PROMPT:
Output the listing below verbatim, but drop the images.

SUPPLIED INFORMATION:
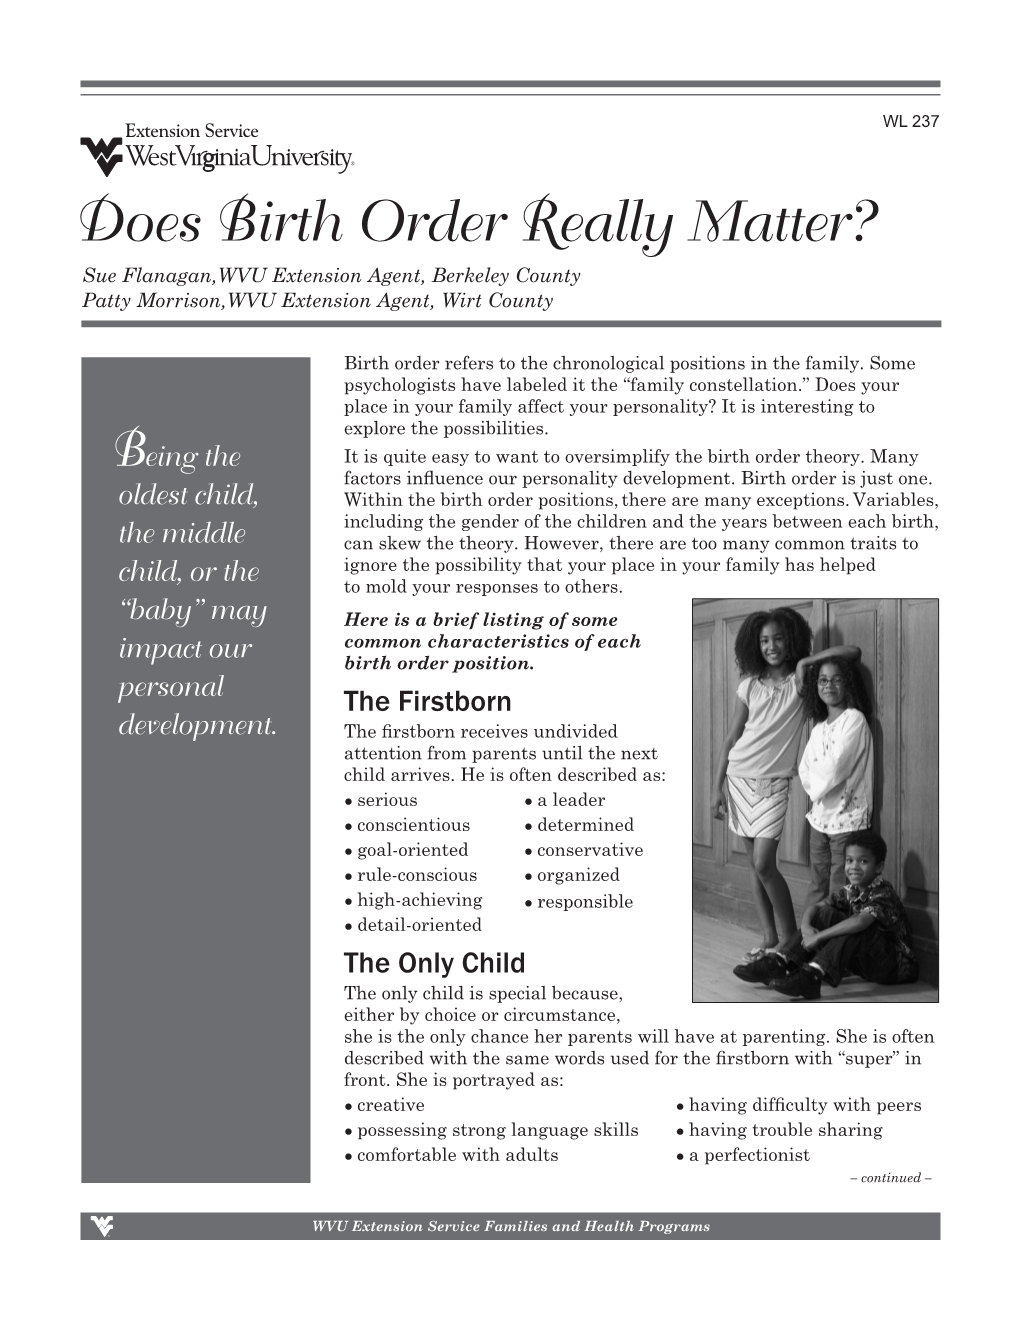 Does Birth Order Really Matter? Sue Flanagan,WVU Extension Agent, Berkeley County Patty Morrison,WVU Extension Agent, Wirt County
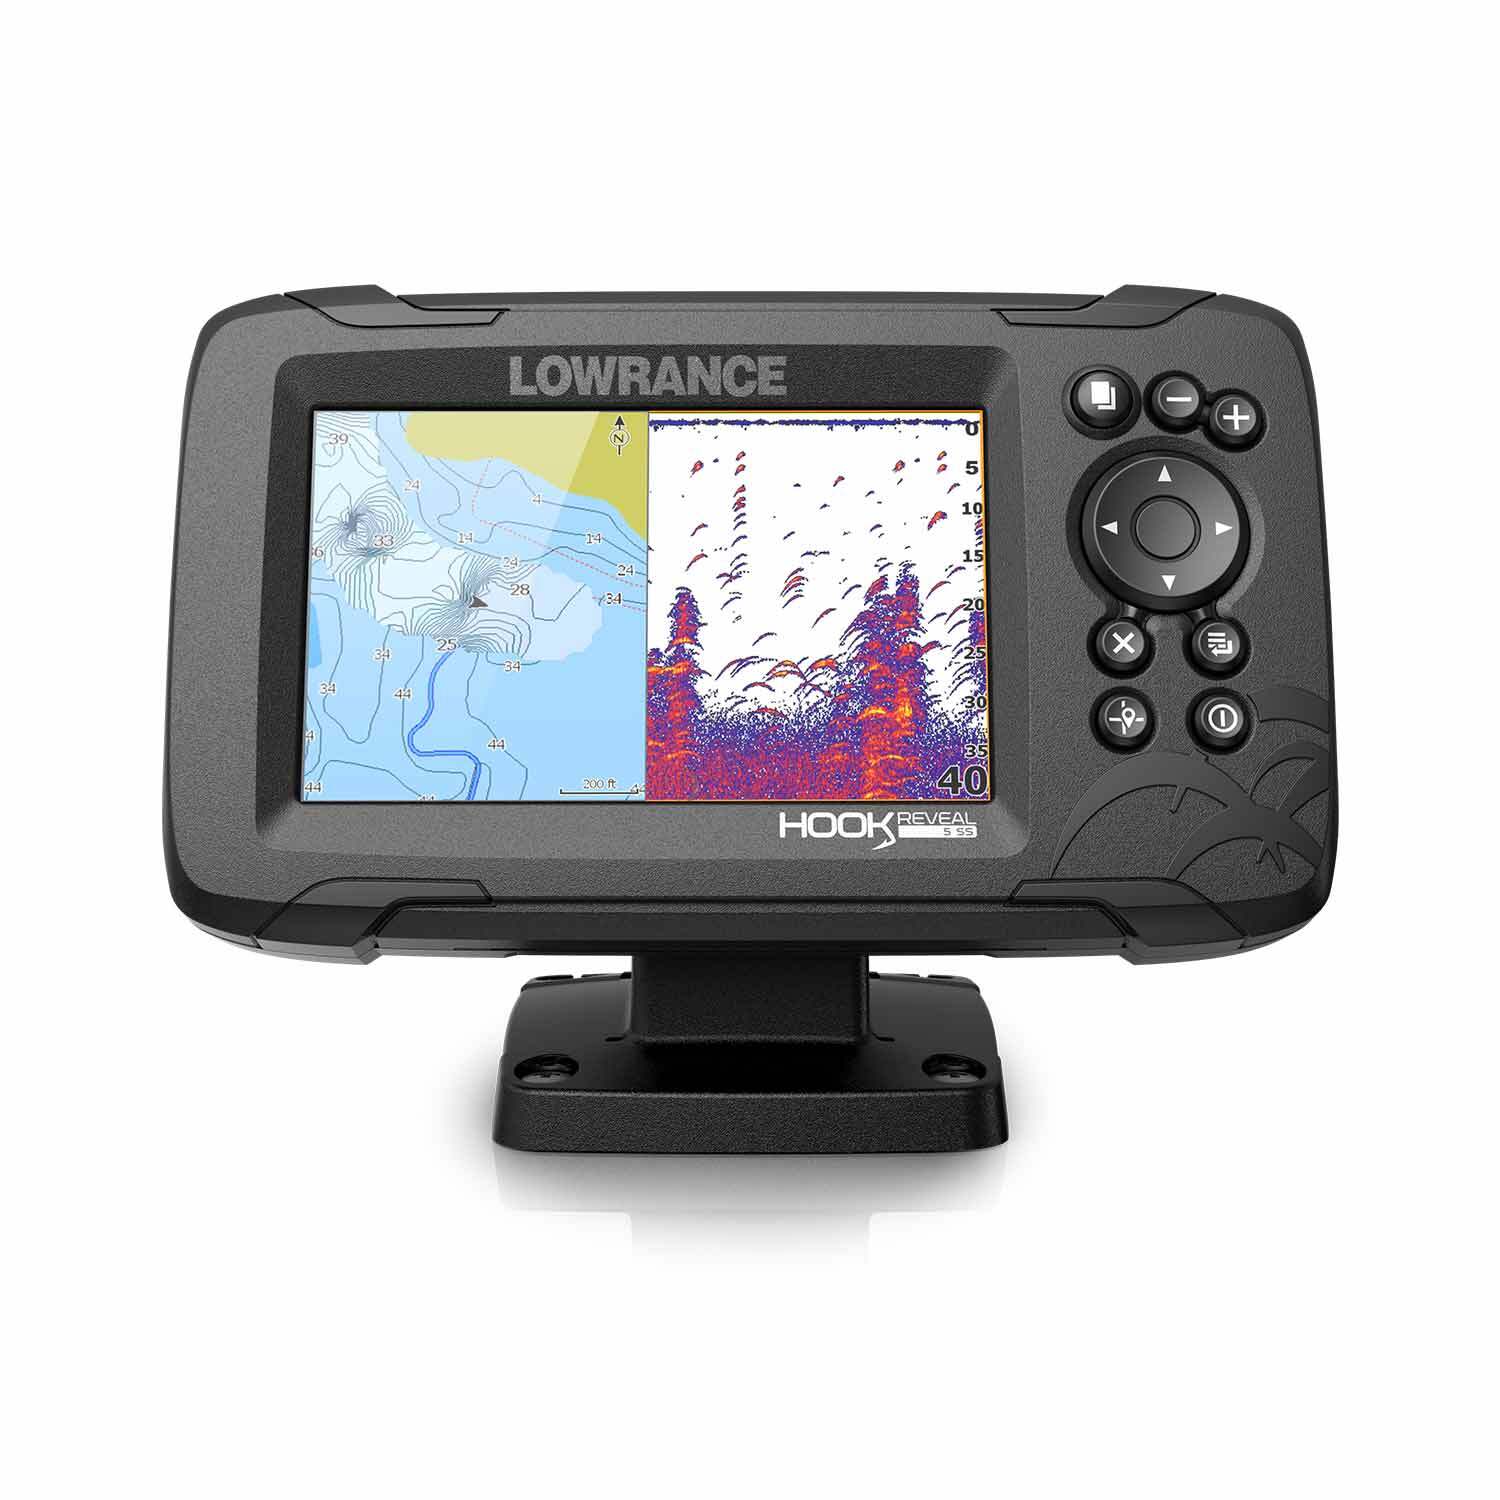 ᐅ Lowrance fish finder and chartplotter【How to read them (+
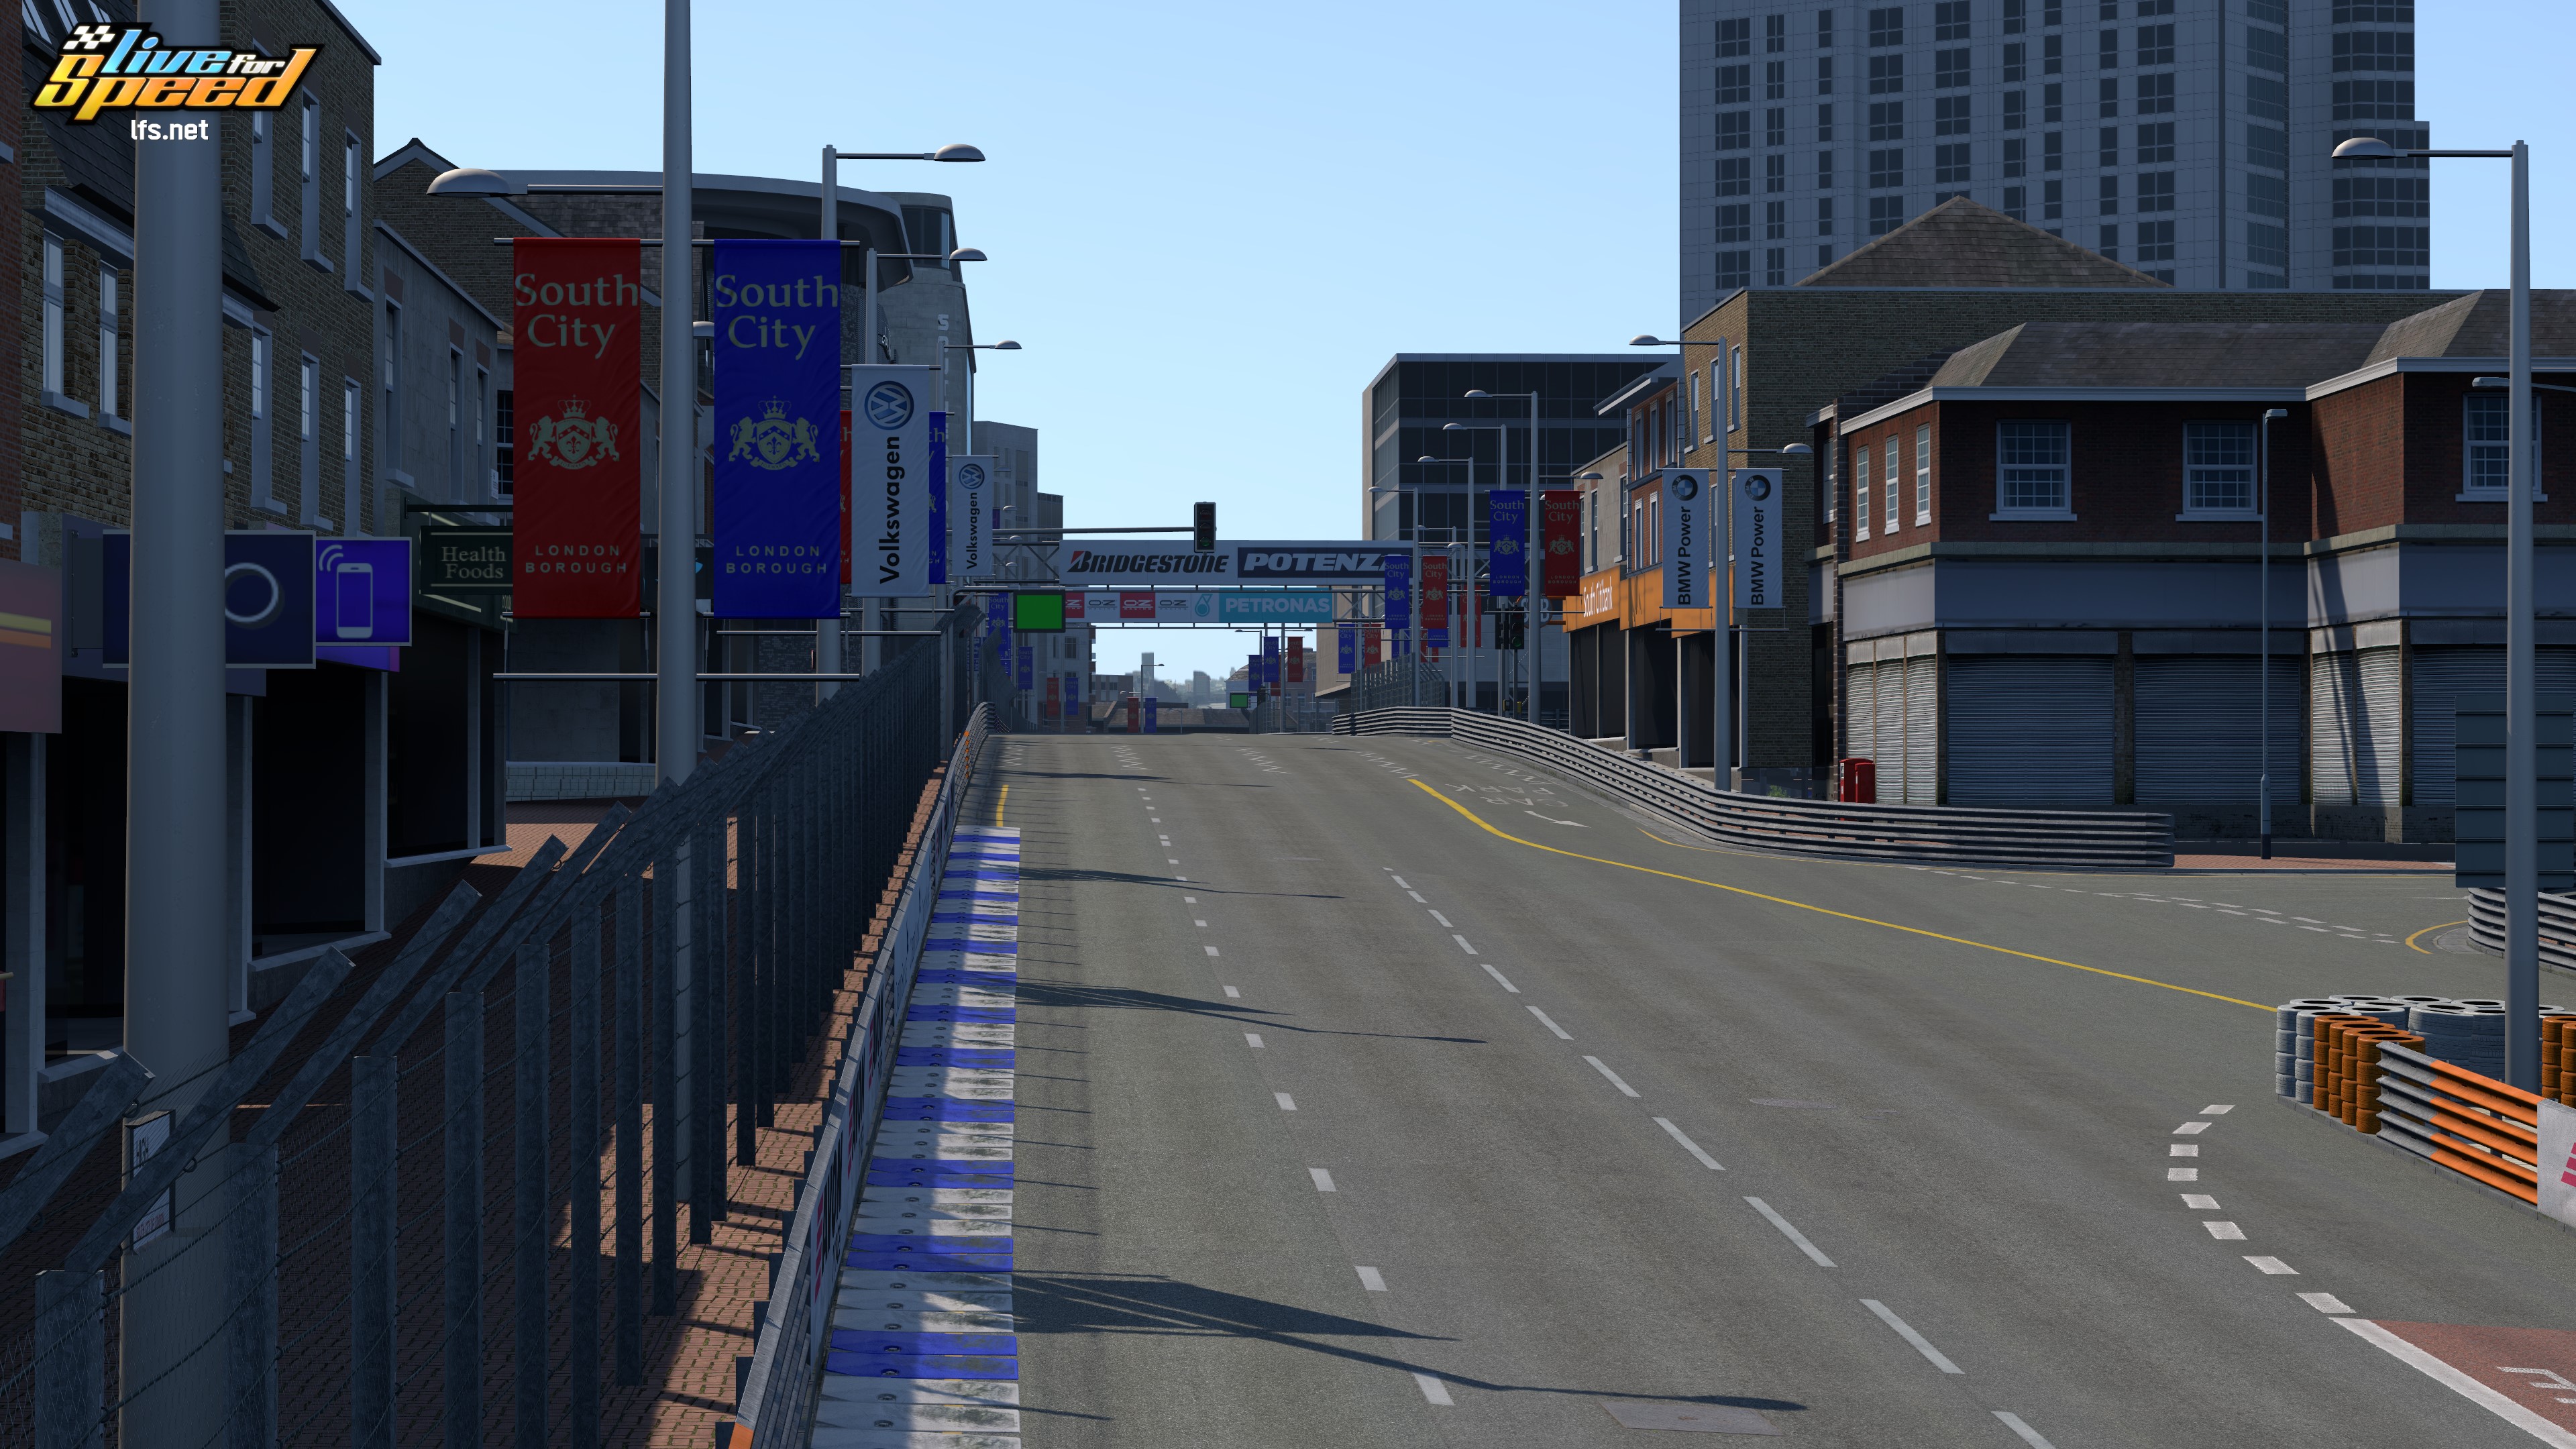 More information about "Live for Speed, Graphics Progress Report: South City"

RESULT OF THIS EXERCISE:
 Does Birth Order Really Matter? Sue Flanagan,WVU Extension Agent, Berkeley County Patty Morrison,WVU Extension Agent, Wirt County
 ᐅ Lowrance fish finder and chartplotter【How to read them (+
 More information about "Live for Speed, Graphics Progress Report: South City"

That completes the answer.